[EXERCISE DATA — start]
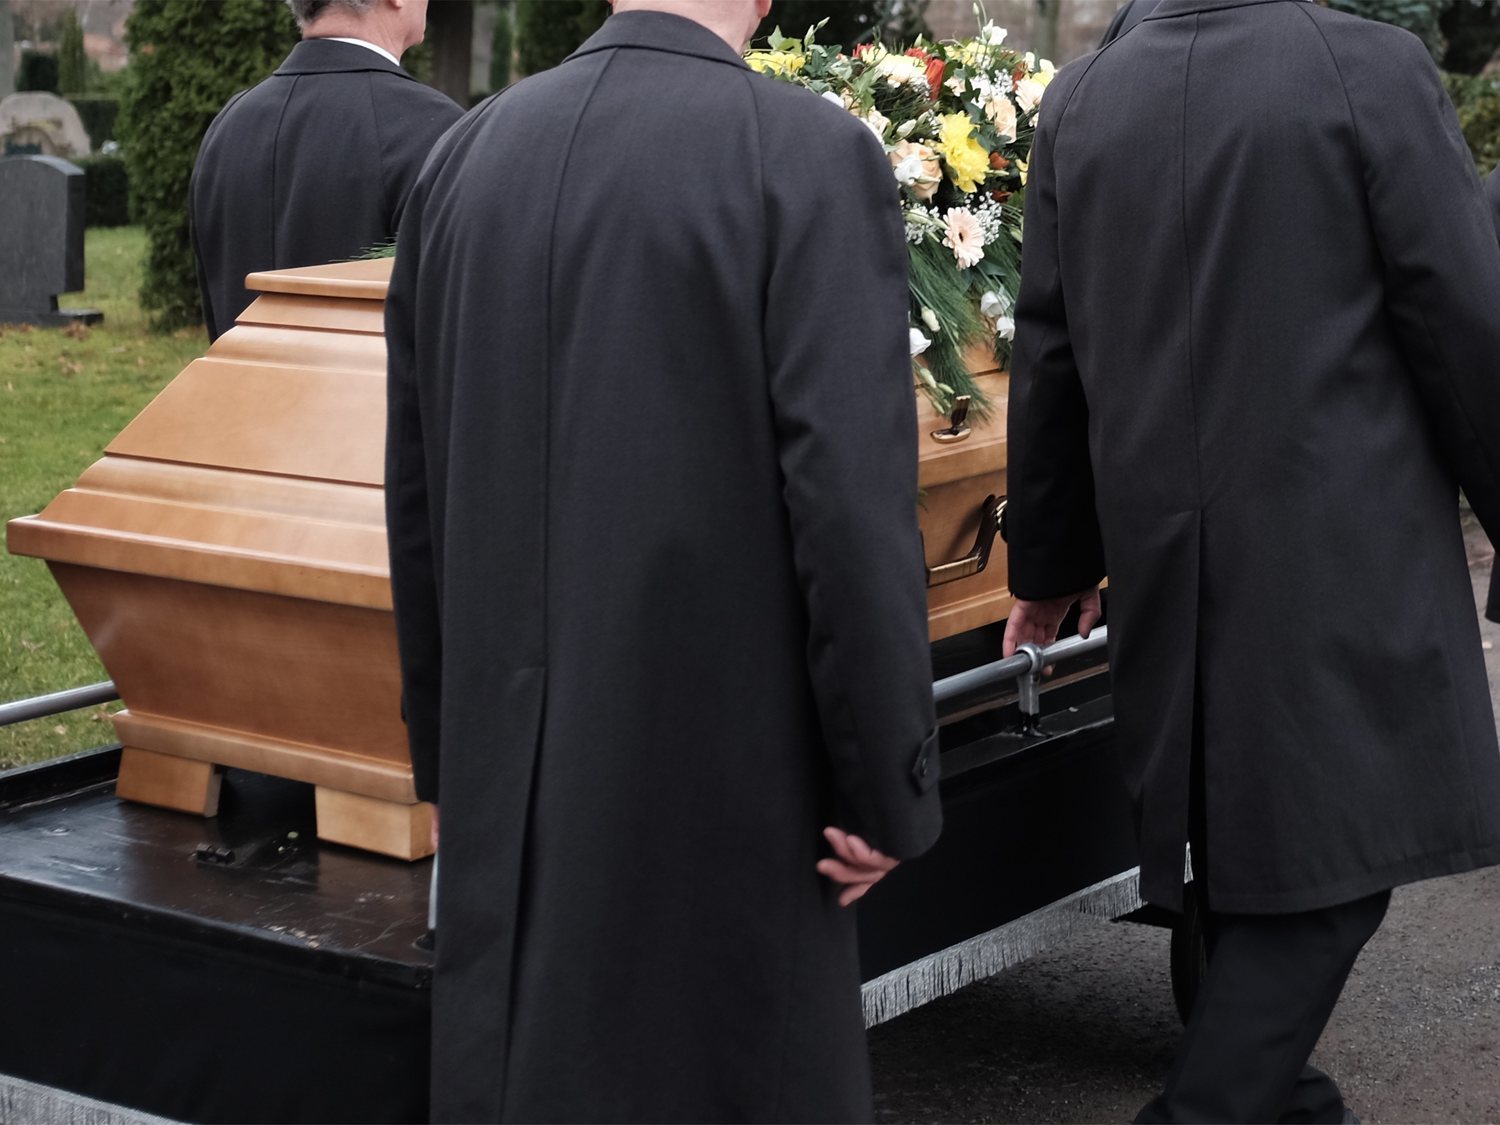 La tremenda broma de un hombre en su propio funeral que se ha hecho viral: "¡Dejadme salir!"
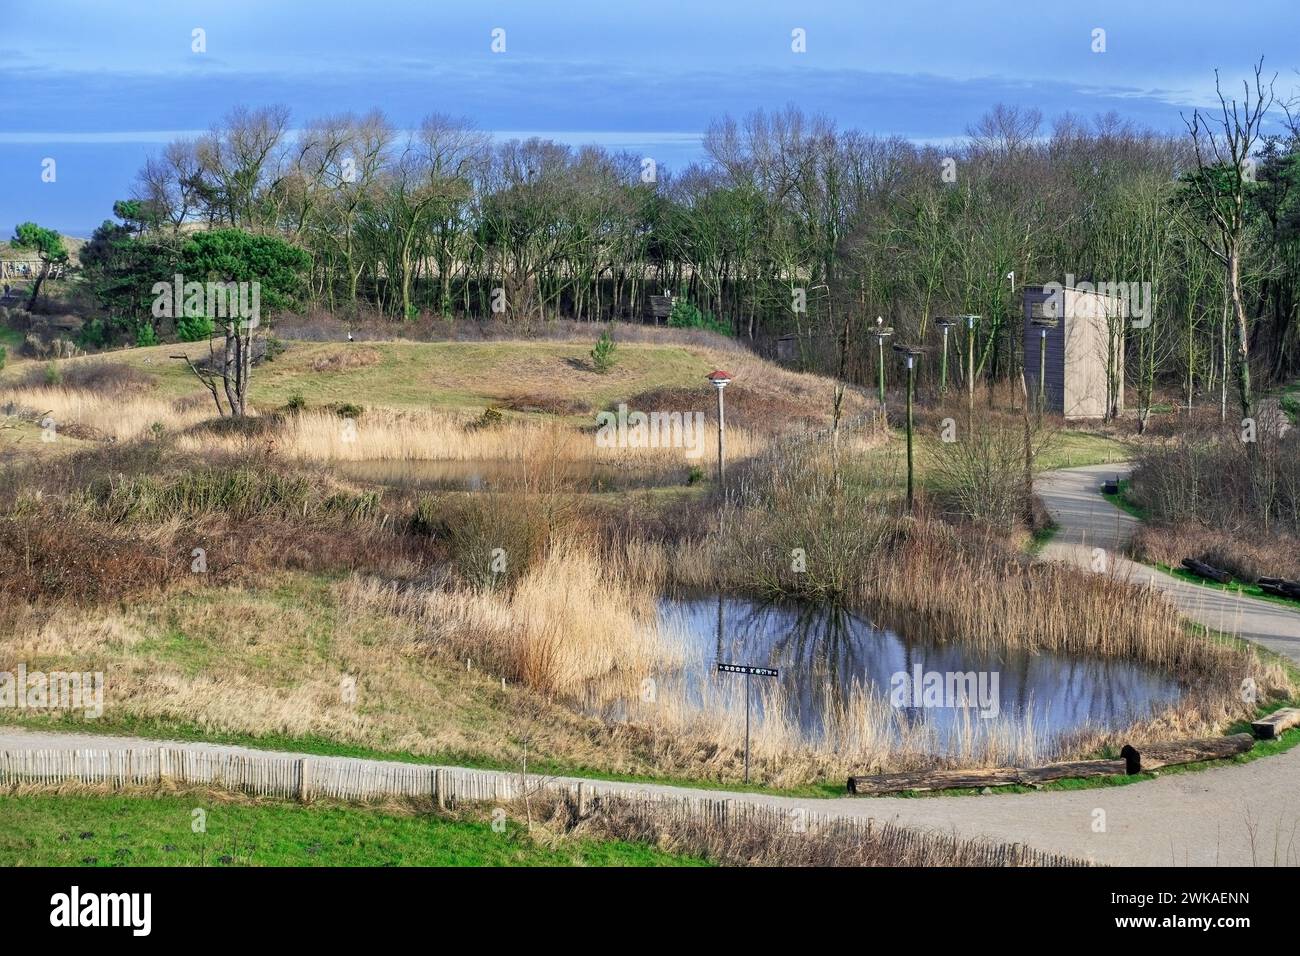 Vue sur le parc naturel de Zwin, sanctuaire d'oiseaux à Knokke-Heist et cachette d'oiseaux pour observer les cigognes blanches à la fin de l'hiver, Flandre occidentale, Belgique Banque D'Images
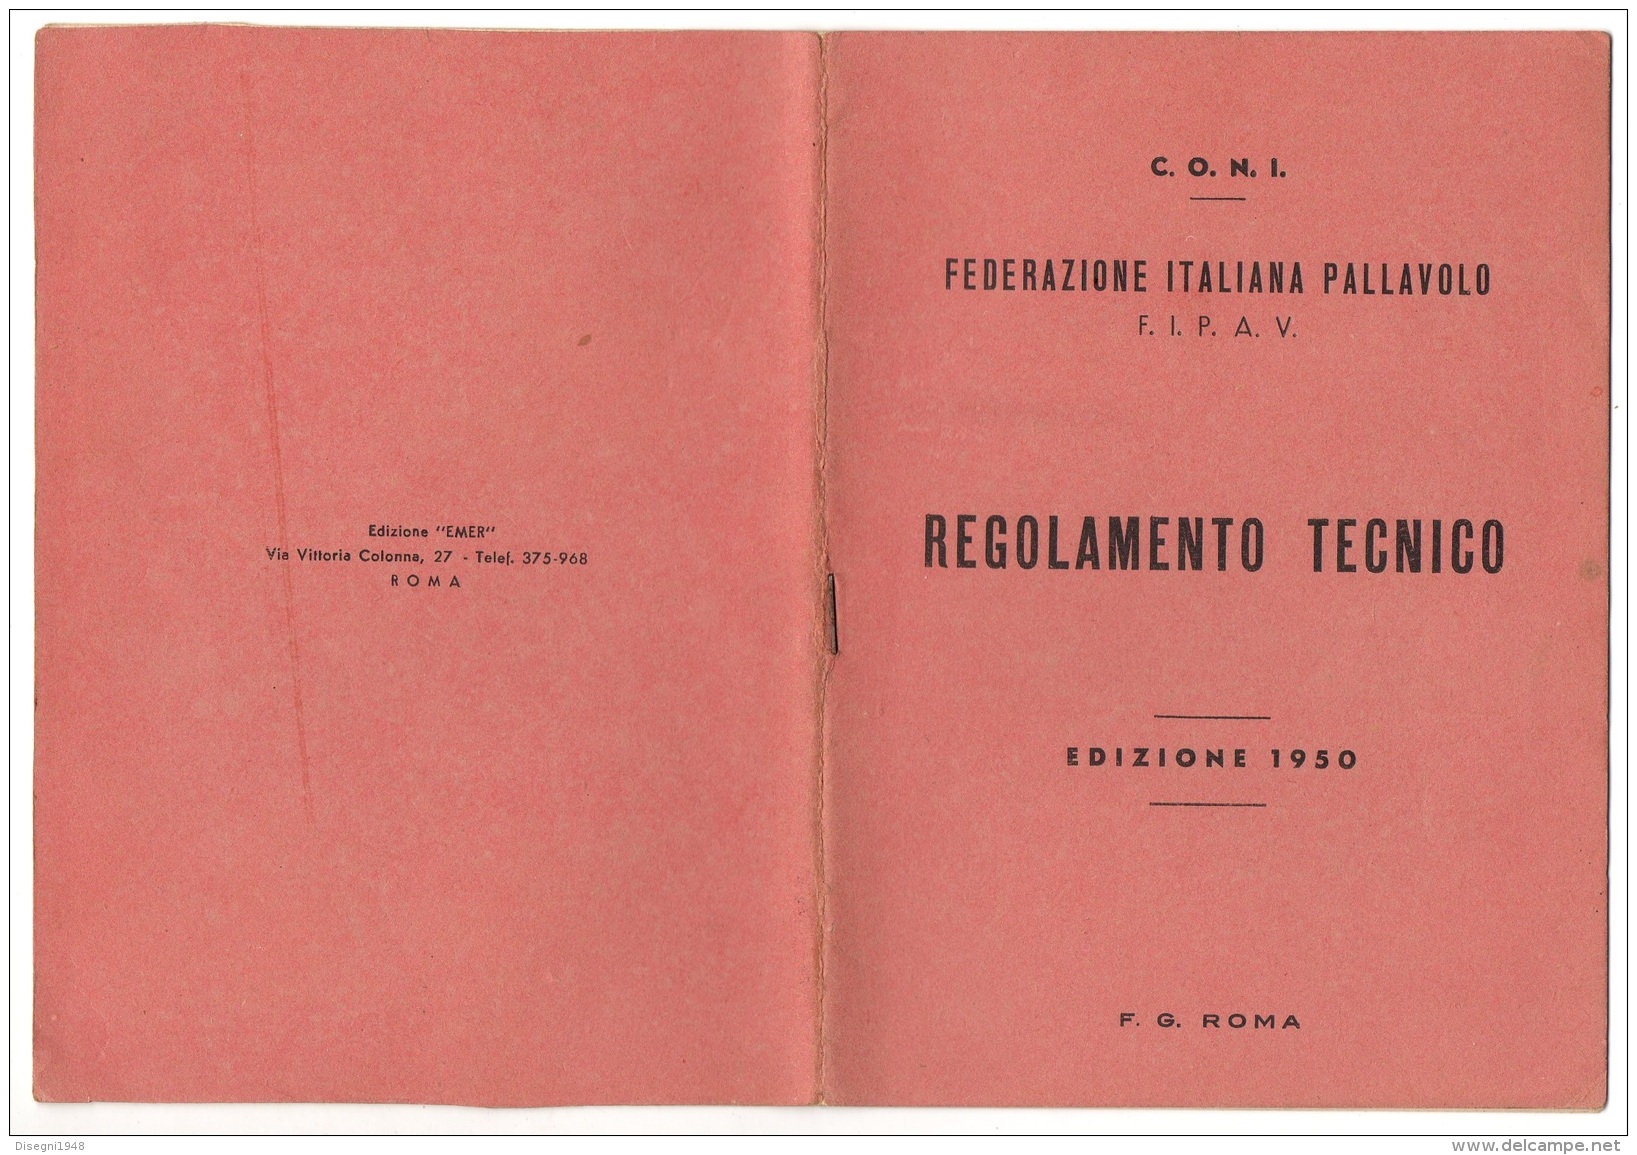 05389 "C.O.N.I. - F.I.P.A.V. - FEDERAZIONE ITALIANA PALLAVOLO - REGOLAMENTO TECNICO - EDIZIONE 1950" ORIGINALE - Sports
[EXERCISE DATA — finish]
:: WHAT TO DO ::
From the line that contains "Vue sur le parc" down to the last line of the material above, every line must be repeated exactly, with pictures removed and both end lines included.

:: ANSWER ::
 Vue sur le parc naturel de Zwin, sanctuaire d'oiseaux à Knokke-Heist et cachette d'oiseaux pour observer les cigognes blanches à la fin de l'hiver, Flandre occidentale, Belgique Banque D'Images
 05389 "C.O.N.I. - F.I.P.A.V. - FEDERAZIONE ITALIANA PALLAVOLO - REGOLAMENTO TECNICO - EDIZIONE 1950" ORIGINALE - Sports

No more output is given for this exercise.